--- Provided data Enclosed Below ---

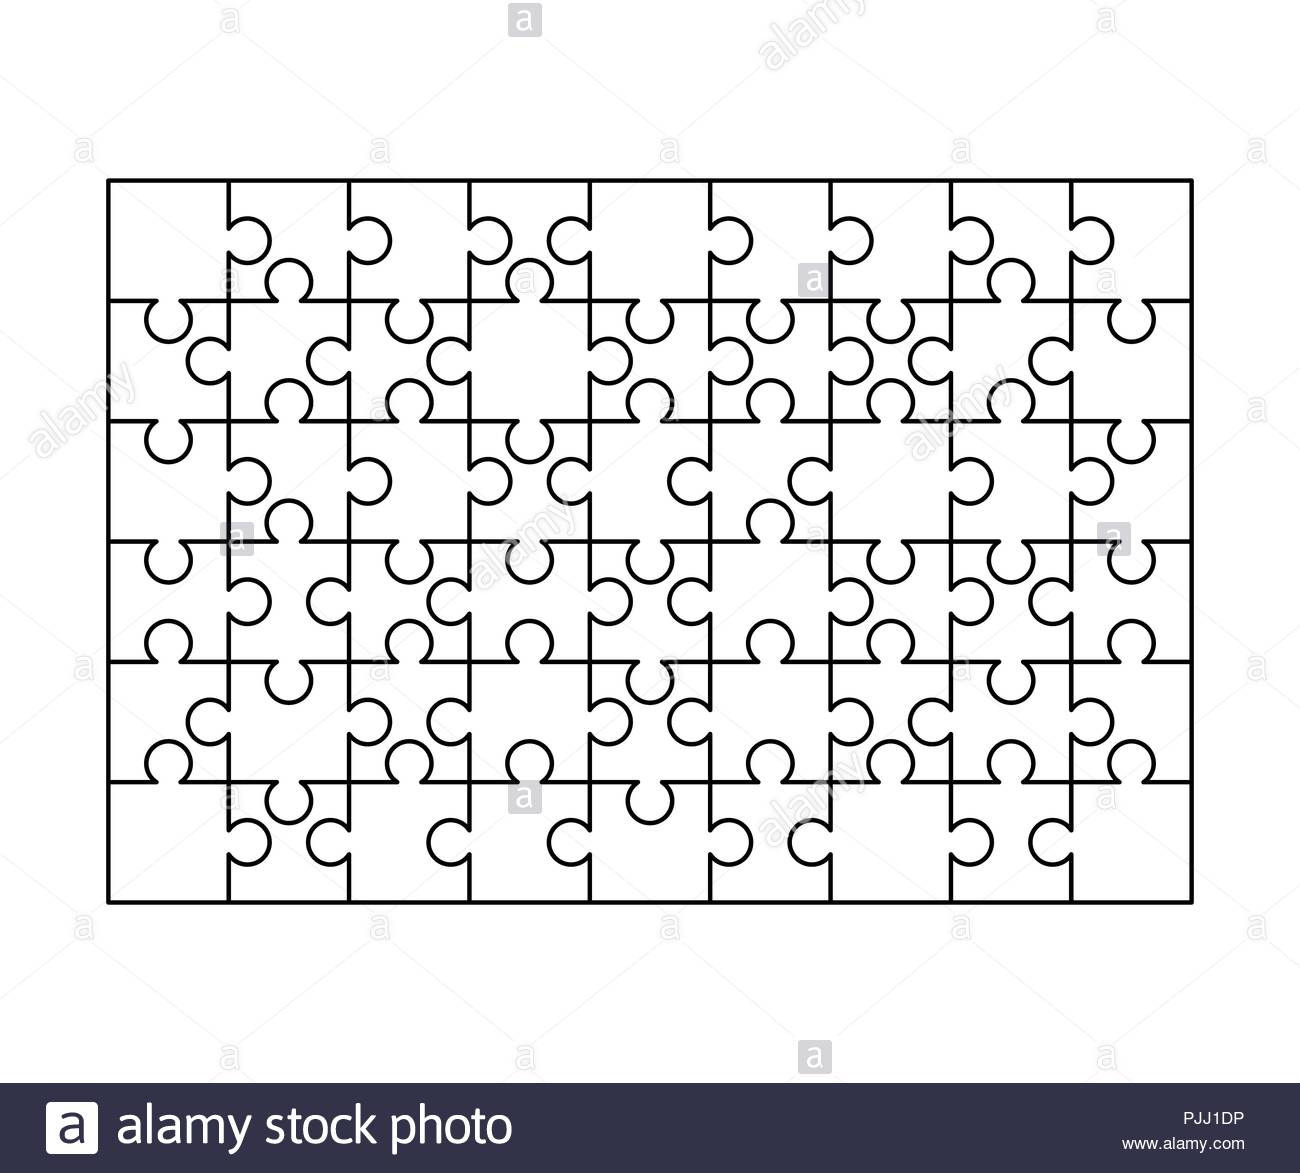 64 White Puzzles Pieces Arranged In A Square. Jigsaw Puzzle Template - Print Jigsaw Puzzle
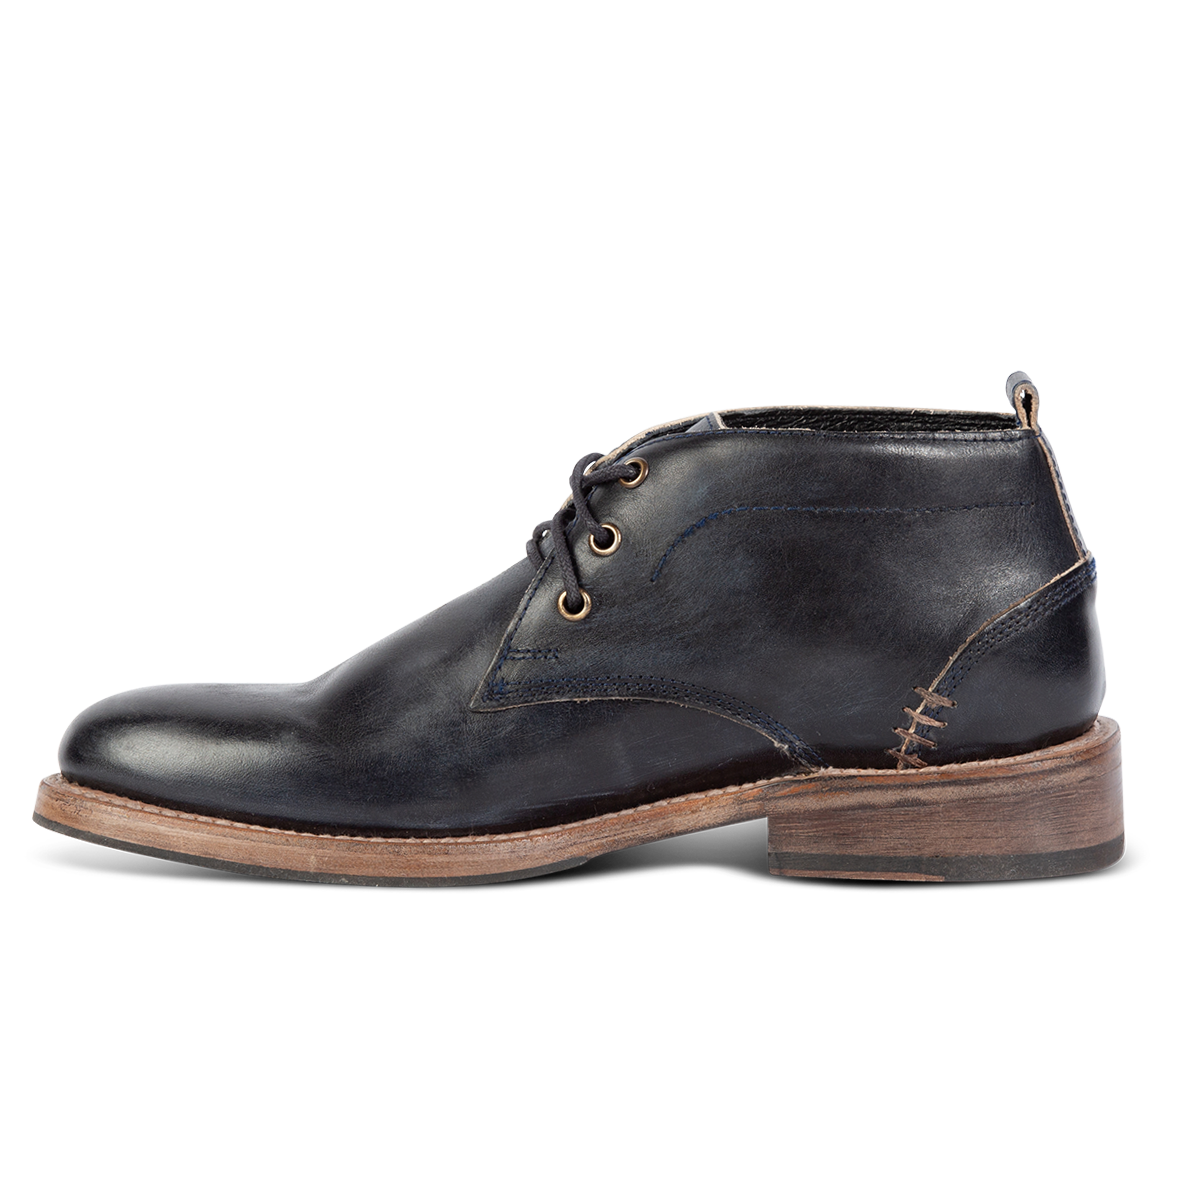 Inside view showing stitch detailing and brass lace hardware on FREEBIRD men's McCoy navy shoe
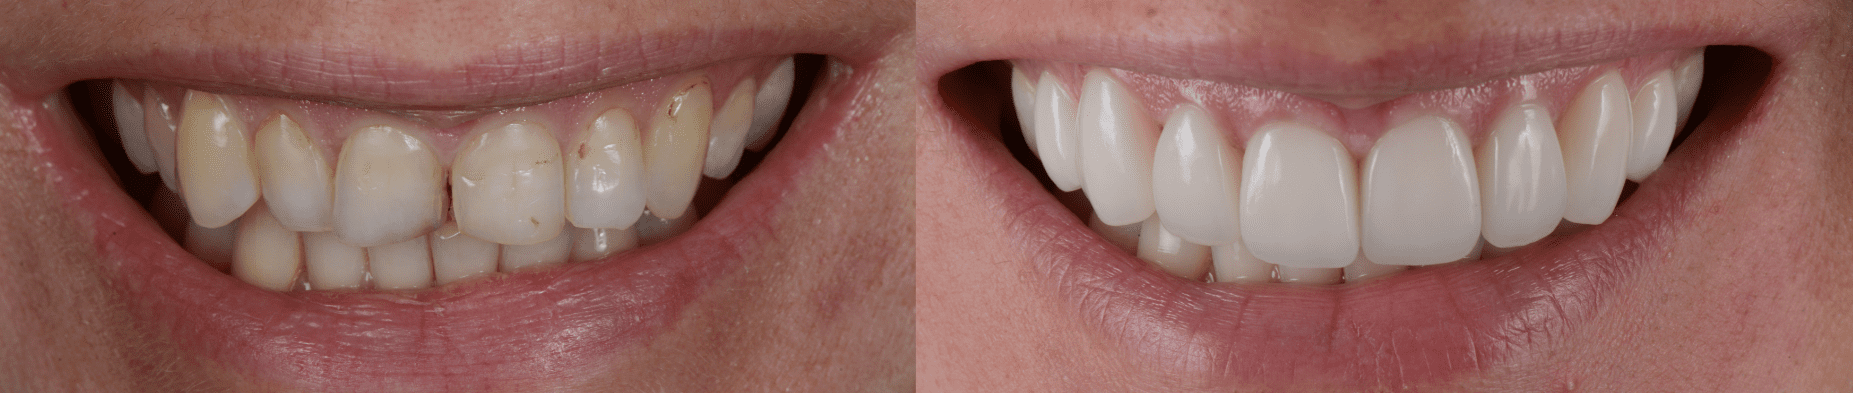 porcelain veneers before and after 1

--- End of Enclosed Provided data ---

What you should do »
Please reproduce the data above word for word, skipping all images.

Output for this exercise »
 64 White Puzzles Pieces Arranged In A Square. Jigsaw Puzzle Template - Print Jigsaw Puzzle
 Inside view showing stitch detailing and brass lace hardware on FREEBIRD men's McCoy navy shoe
 porcelain veneers before and after 1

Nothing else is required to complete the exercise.